The same kind of safety case works just as well for feedback tampering.
This safety case holds even if the most likely world-model says that it only gets punished for unsuccessful tampering.
Christiano, Cotra, and Xu (2021) introduce the ELK challenge as the problem of creating a reporter that reports accurately on the internal knowledge of an AI system. Their methodology is a game: the builder proposes a training regime or some algorithm for that is supposed to promote the desired reporter. Then, the breaker identifies a bad reporter that is also promoted by the builder's algorithm. If the breaker manages this, then breaker wins, and the builder's algorithm is unsafe. Instead of taking a single reporter promoted by the builder's algorithm, we can take multiple, and then if any of those reporters report that the diamond is missing, we pessimistically consider it to be gone. Here is a schematic:
The first approach presented by Christiano, Cotra, and Xu (2021) is where humans label videos with labels indicating the presence or absence of the diamond, and then a reporter is trained to match these labels. They note that a "direct translator" could report on the model's understanding of the presence of the diamond. But also, a "human simulator" could report on what the model thinks a human would say when looking at the video feed. If the training data is good, both reporters would be promoted by the training process. A clever heist could go unnoticed by a human watching the video feed, so the "human simulator" reporter would reenact that oversight. This means the builder's training regime fails to promise the successful elicitation of knowledge from the model.

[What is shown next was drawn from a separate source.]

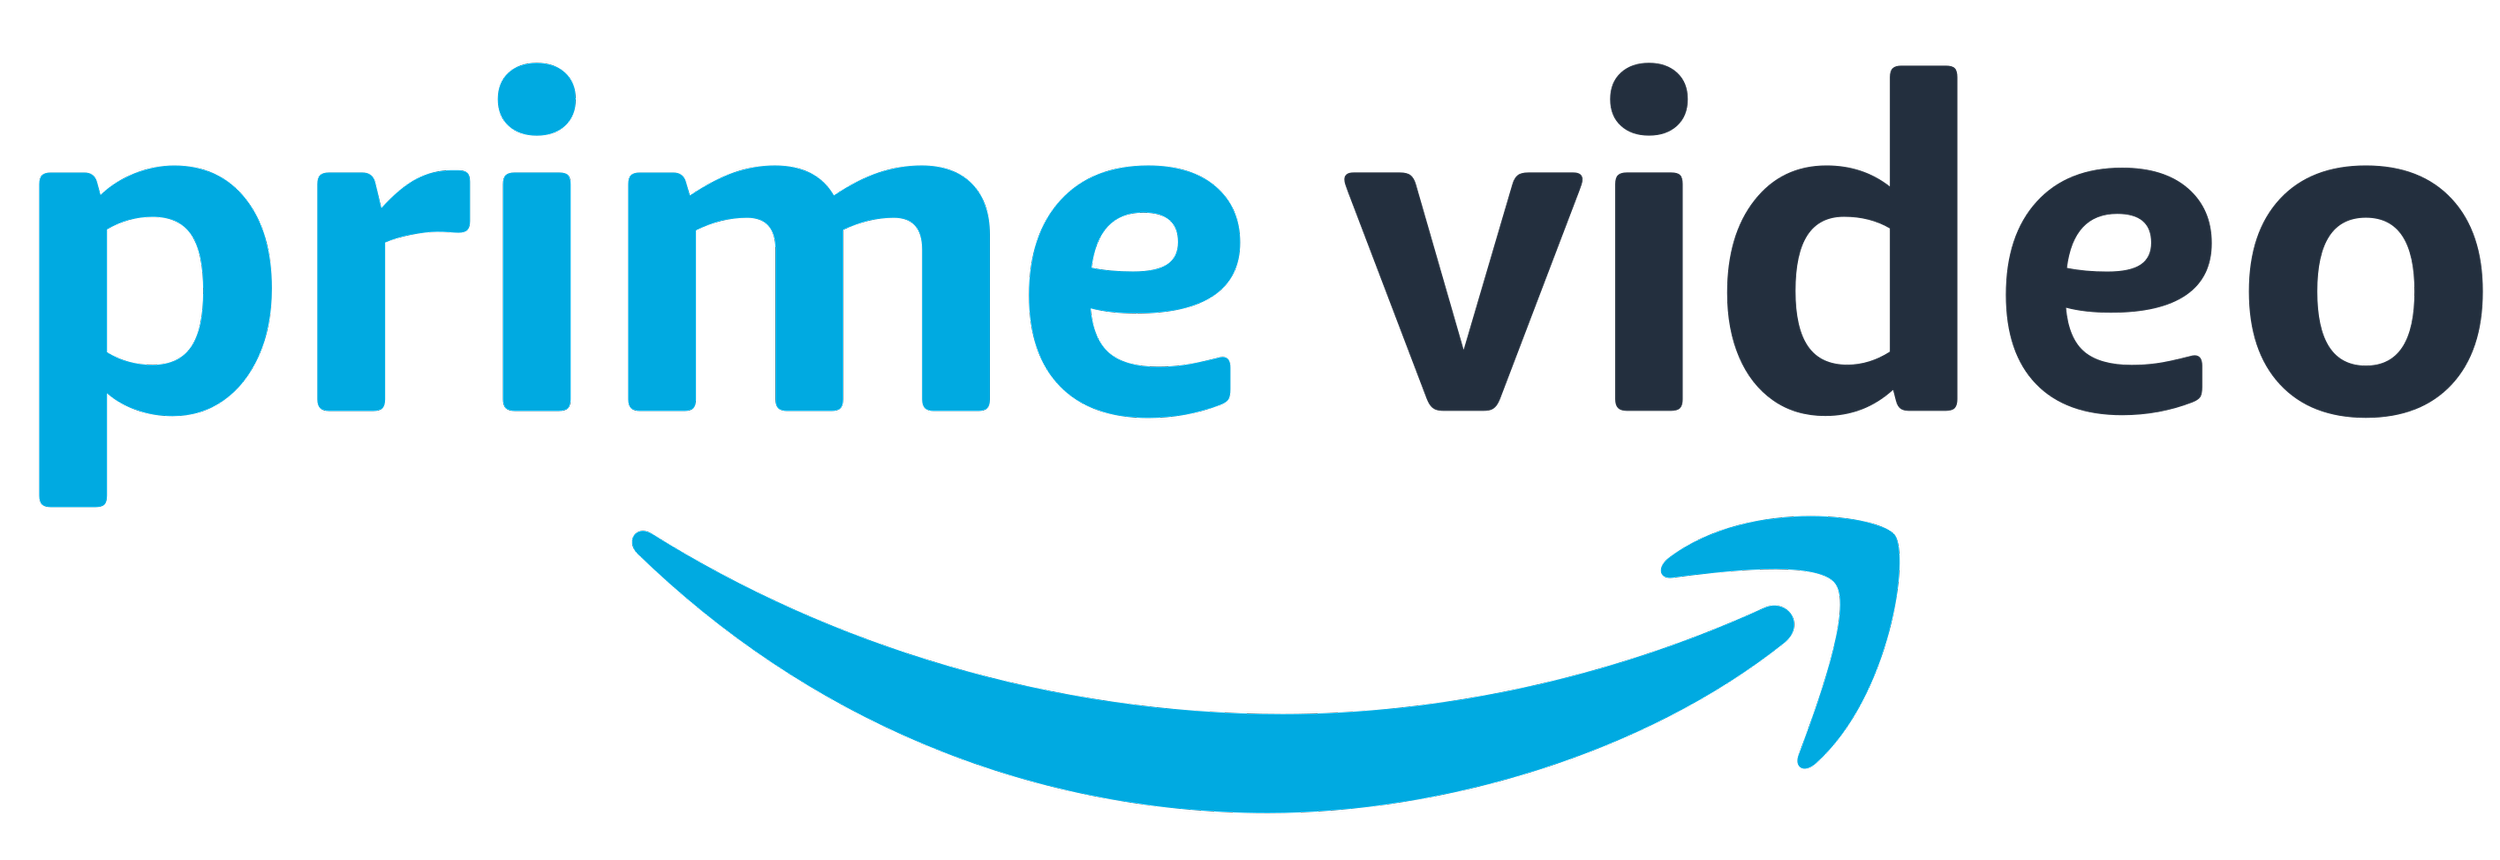 prime-video-logo-0.png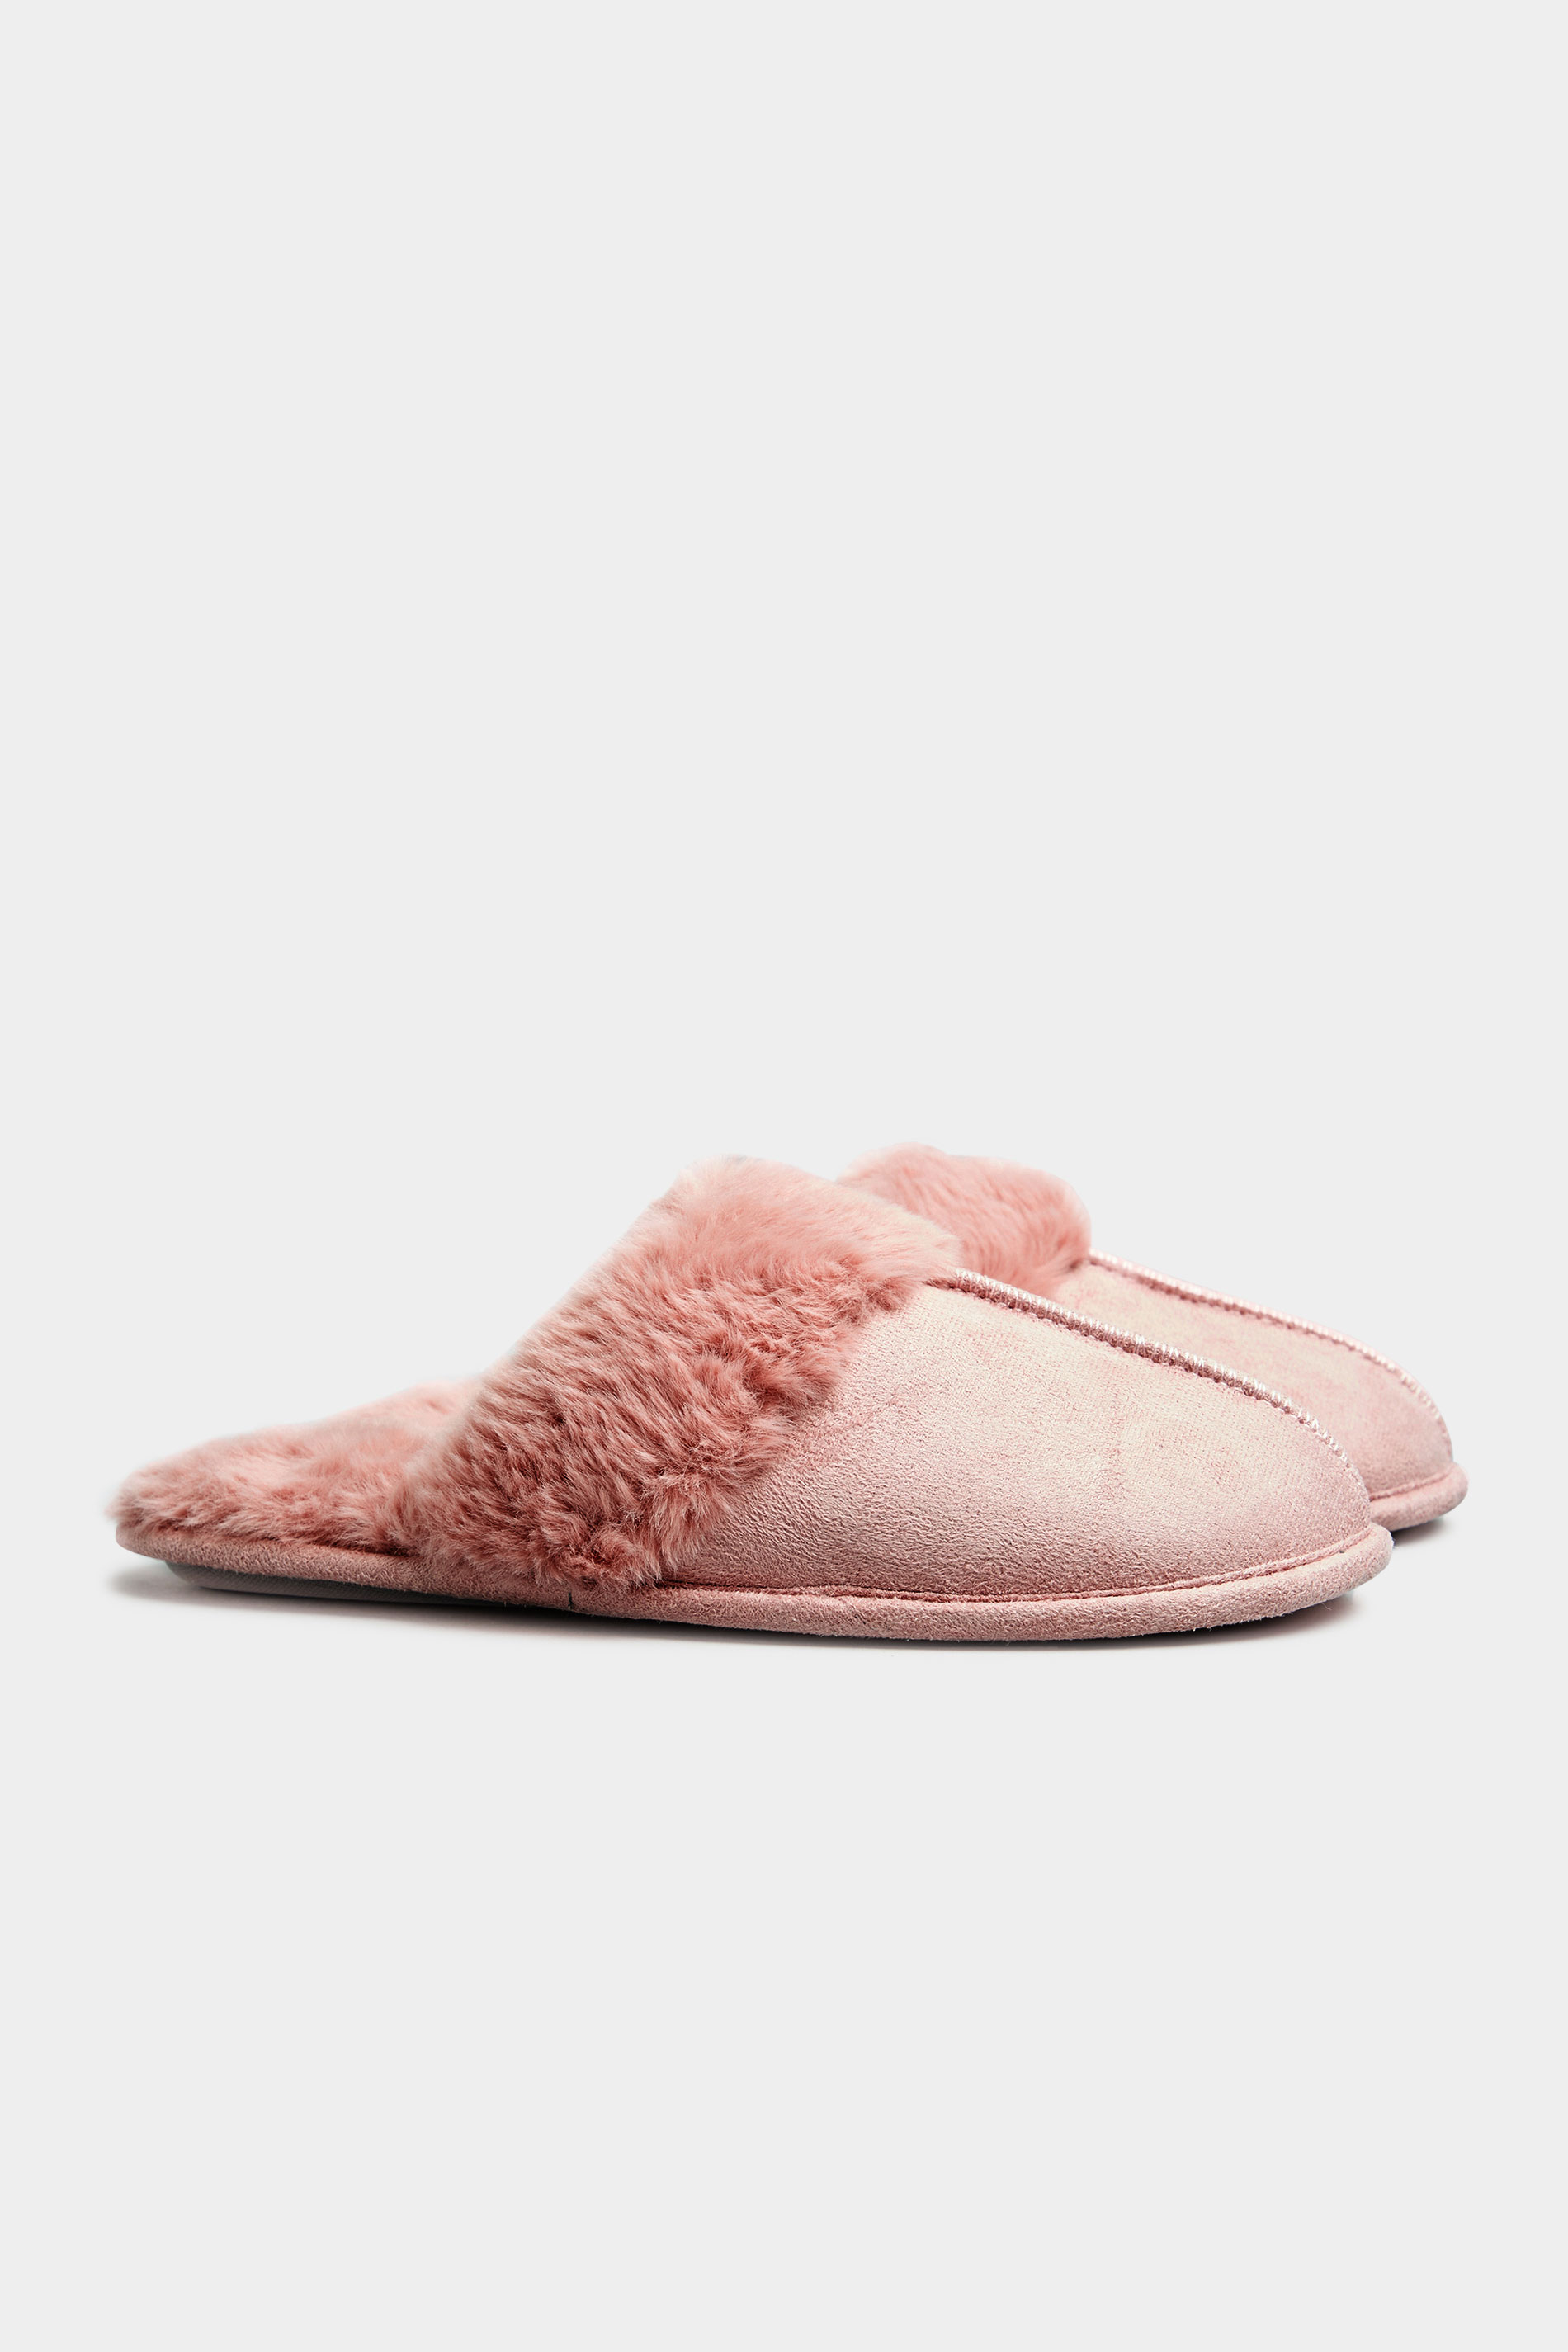 Pink Fur Cuff Mule Slippers In Extra Wide Fit_C.jpg

But if we take many different models that are promoted by the builder's training regime, then as long as one of them is a "direct translator," then if the diamond is stolen, at least one model will say so, so we can raise the alarm. Alternatively, we could modify the builder's algorithm by adding a small loss for saying that the diamond is still there. It would still have to match the training data, which often does say that the diamond is there, but when plausible models disagree about the presence of the diamond, it would learn to say it's not there.
A lot of the attempts at solving the ELK problem fail to eliminate the breaker's ability to find a bad reporter, but many do seem to force the breaker's selected reporter to be more complex. The more complex the breaker's selected reporter, the less pessimistic we need to be.
If, for all actions, The Adversary can come up with a plausible account of how it will end badly, then the agent can't act. But by adding to the training data, we can force Adversaryland to respect the fact that some courses of action have been found to be fine. I showed in this paper that if a pessimistic agent has a mentor, it will achieve at least mentor-level performance. So pessimism is perfectly compatible with competent goal-seeking, even in a stochastic environment. (That paper also proves safety results for an idealized pessimistic agent along the lines of the safety cases above, if one prefers formal arguments.)
I think a promising avenue to reducing the costs of pessimism is to only be pessimistic about certain things, while being otherwise risk neutral. For example, if one has a dataset of truths and lies, one can be pessimistic about the question "Am I telling a lie right now?" and stay on the safe side. At the same time, one can stay risk-neutral on the question of whether God hates people who take ferries on Tuesdays.
We can also reduce the costs of pessimism by searching for ways to encumber the bad models with complexity--as some ELK proposals do--and then reduce the amount of pessimism. If an agent is not too pessimistic, then the possibility of God hating people who take ferries on Tuesdays could be placed out of reach of The Adversary, by virtue of the complexity of a world-model that implements this.
Finally, if pessimism does end up hampering an agent too much, this would be a graceful failure, rather than a catastrophic one.